• Roni Cooper

The Invisible Man (2020)

Following the crash and burn of 2017’s The Mummy, Universal Studios’ attempt at a classic Monster’s Cinematic Universe was buried before it even breathed life, releasing its stars and creative talent and freeing themselves to do something original with the individual concepts of the monsters. Now, just under three years later, a new version of The Invisible Man has made its way into our cinemas – and the failure of a shared universe might have been the best thing to have happen.

After escaping her abusive boyfriend, Cecilia (Elisabeth Moss), is attempting to regain her sense of self and the independence she lost whilst together with him. After he apparently commits suicide, she begins to experience strange happenings and starts to suspect that her ex has managed to design a way to become invisible, torturing and gaslighting her as his act of revenge.

Bringing the premise of Universal’s classic horror character up-to-date is a smart decision on the part of writer/director Leigh Whannel, departing from the pre-ordained Johnny Depp version the studio wanted to integrate into their shared cinematic universe. Working closely with Moss in pre-production, they have instead decided to focus on this particular monster’s victim, a vulnerable yet determined woman eager to escape this moment of her life and start afresh. The film is given far more urgency by installing the themes of domestic abuse, rape, and the work women have to put in to ensure she is believed. It’s delicately, yet clearly handled by Whannel’s writing, which neither hammers you over the head nor brushes the difficult topics under the rug.

Bolstering the innovative script, the movie is lead by an incredibly game Moss, a fantastic performance, even by the actor’s already well-decorated standards. In it’s little over two-hour running time, there is not one second in which you don’t believe there is someone in an apparently empty room with her. The film hinges on her, her desperation becoming ever more apparent as she tries to convince people of her sanity, and it’s hard to imagine someone more adept at playing exposed yet steely than Moss.

Despite being a film about a see-through person, there are very few visual effects (this is Blumhouse, after all), Whannel instead deciding to implement a more practical approach to the antics of the antagonist. At one point, the camera fixated on an empty kitchen, the heat on a stove is turned up in order to set it on fire, an effect seemingly done in shot without cutting. In fact, for a horror, it is an incredibly still film – from the get, shots of Cecilia getting changed, putting away clothes, or having a shower are panned away from to an empty space, questioning whether or not The Invisible Man is already there, or we’re just imagining it, leaving us to our own devices to suspect the worst.

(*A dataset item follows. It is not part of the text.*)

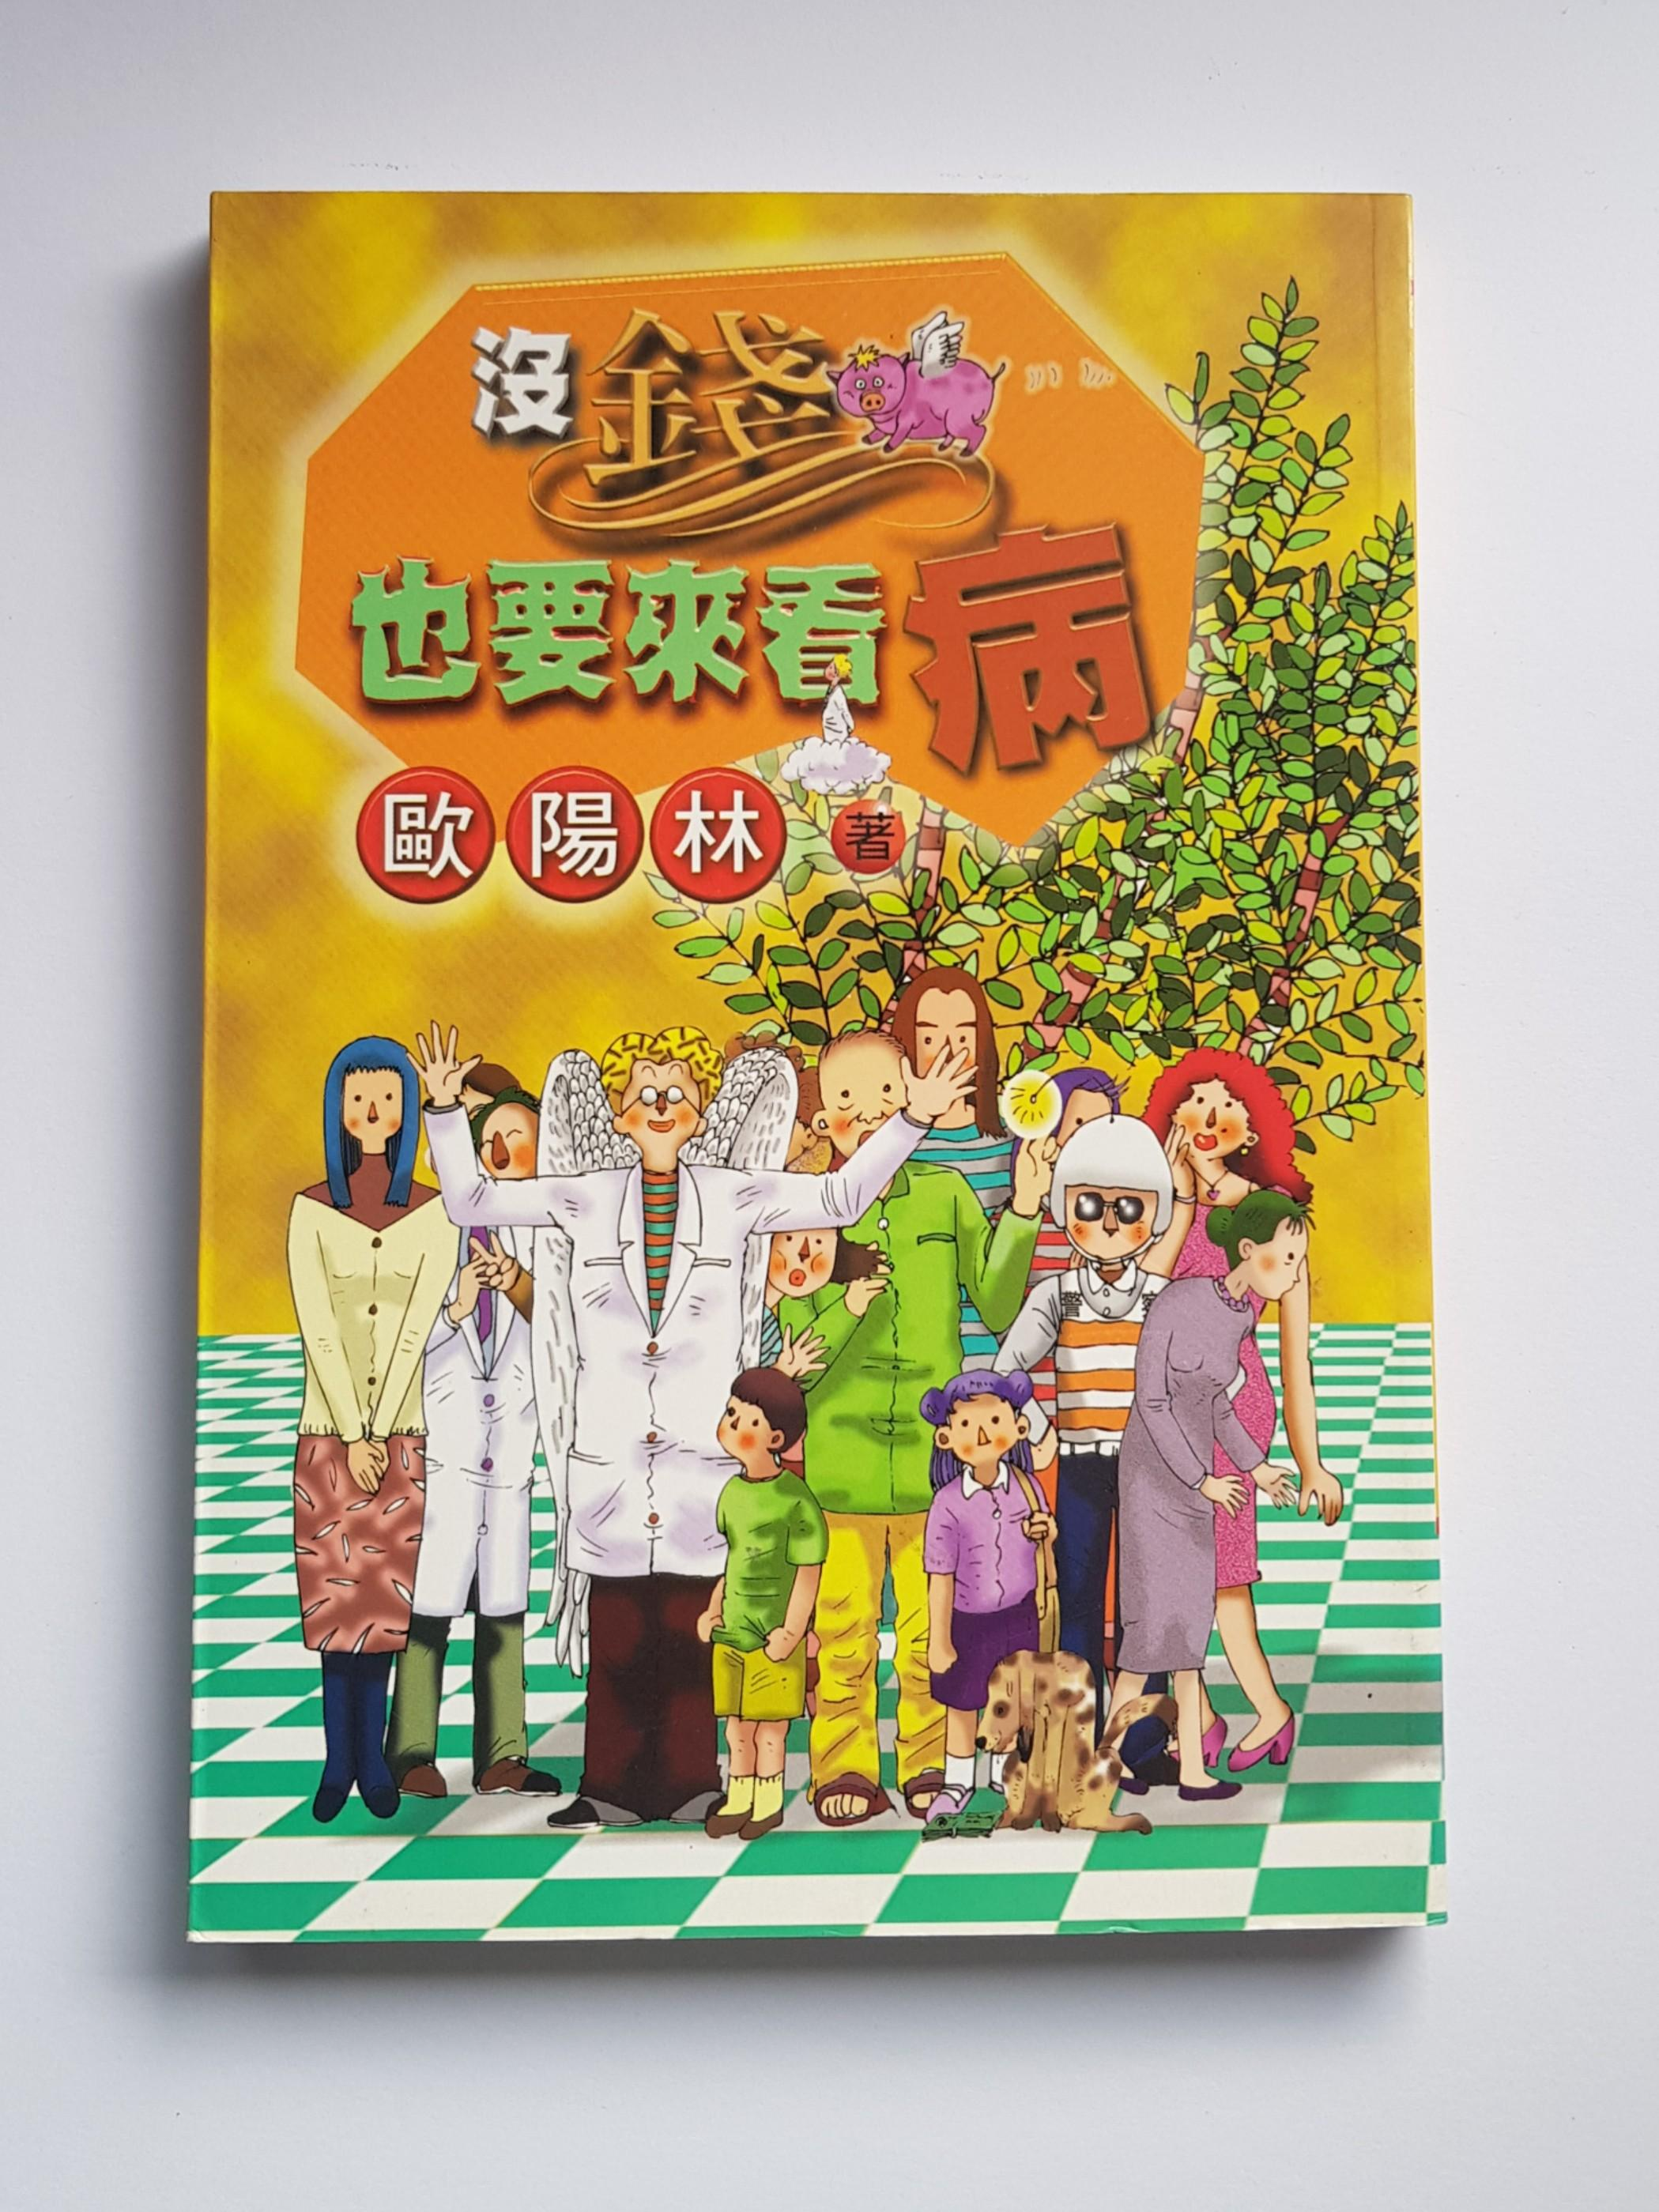 Chinese Book - motivation story 名人的小故事

The doesn’t mean to say that the film is without its scares. Despite being a quieter, more psychological thriller than an orgy of jump-scares – although there some, far more effective than your standard fare – it is incredibly fraught with tension, from a painfully uneasy opening escape sequence, to a more violent occurrence in a restaurant, and it’s to the filmmaker’s credit that the more frightening events of the film pull from the unknown, the un-seeable, than the easier option of blood and gore.

The film has its flaws, though they are few and far between. At 124 minutes, its length is felt, the third act seemingly turning to a fourth in the last 15 minutes or so, giving off the impression that its message could be slightly more succinctly told - but it’s a minor quibble. With an original take on the story, some inventive direction by Whannel, and a great lead performance by Moss, gratitude is felt that the Depp version was never realized.